I just upgraded to 2.6.17.8 (built with GCC 4.1.1 on x86 / Athlon IV).

As luck would have it I made a bunch of other changes at the same time,
namely that I LVMed my root filesystem and migrated to an initramfs (see
<http://linux-raid.osdl.org/index.php/RAID_Boot> for a slightly outdated
version of the init script I'm using, I must bring it up to date; among
other things it works on non-RAID boxes now, indeed the machine
experiencing the problems is not using md at all).

While I doubt these changes have caused this problem, they make it
tricky to back down to an earlier kernel, as older kernels I've already
compiled won't boot anymore (I'd have to rebuild one with the initramfs
in it).
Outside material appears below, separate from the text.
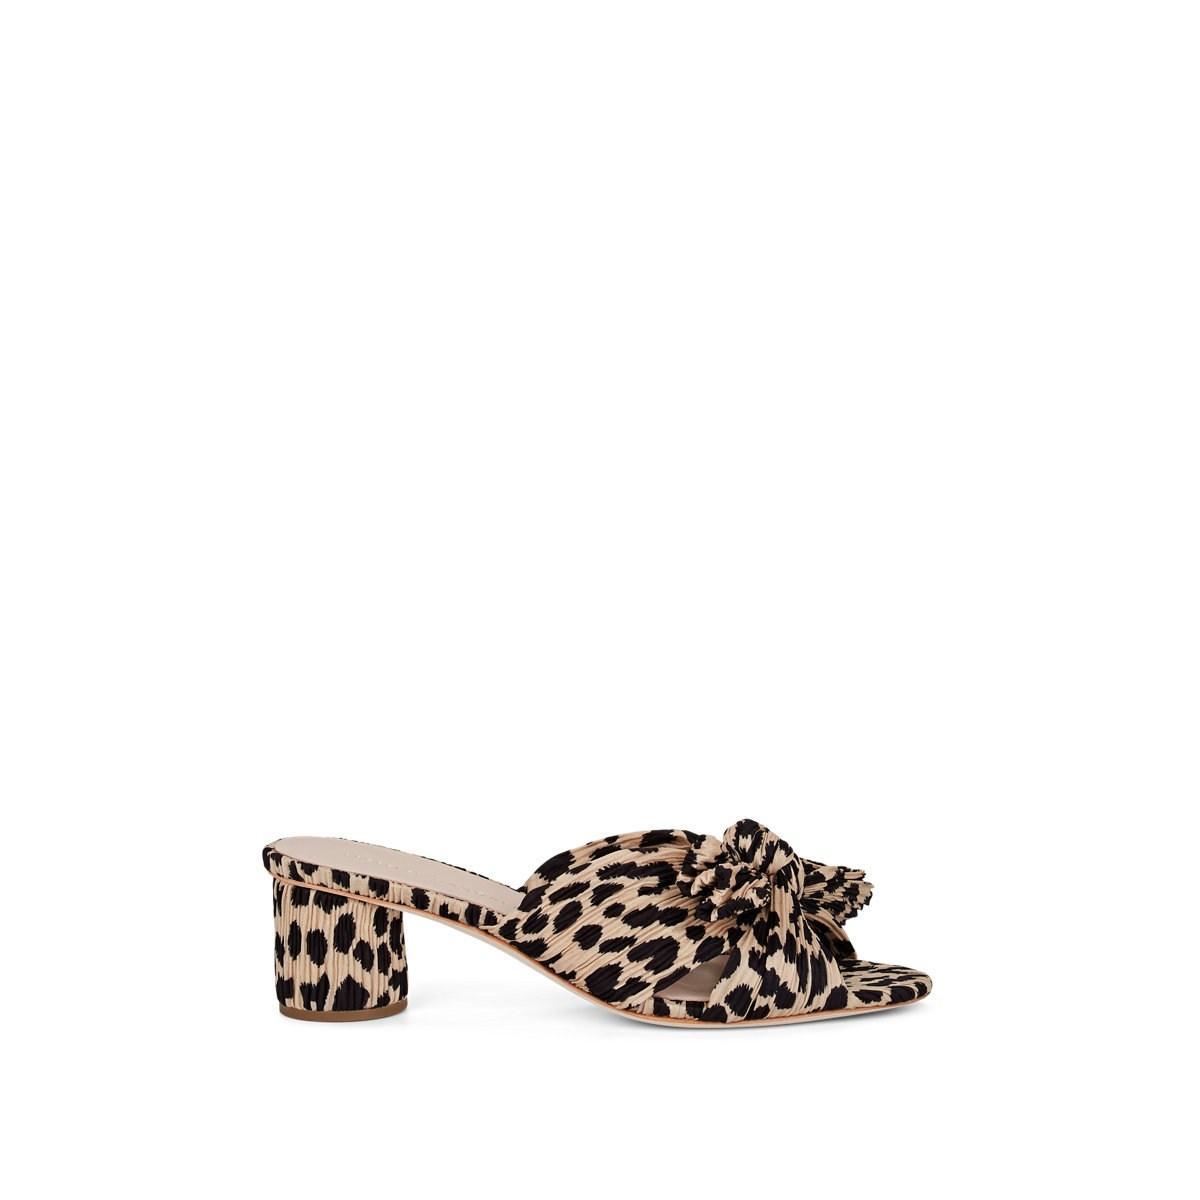 d7425a86a98f Loeffler Randall. Women's Natural Emilia Leopard-print Pleated Lamé Mules

So I haven't tried to reproduce this on earlier kernels yet.

About half an hour after booting (while bootstrapping OCaml over NFSv3
as it happens), I started to notice long lags (~10s) accessing NFS-
mounted stuff. I was in XEmacs at the time so I wrote it off to a
malfunctioning itimer and decided to fix it later.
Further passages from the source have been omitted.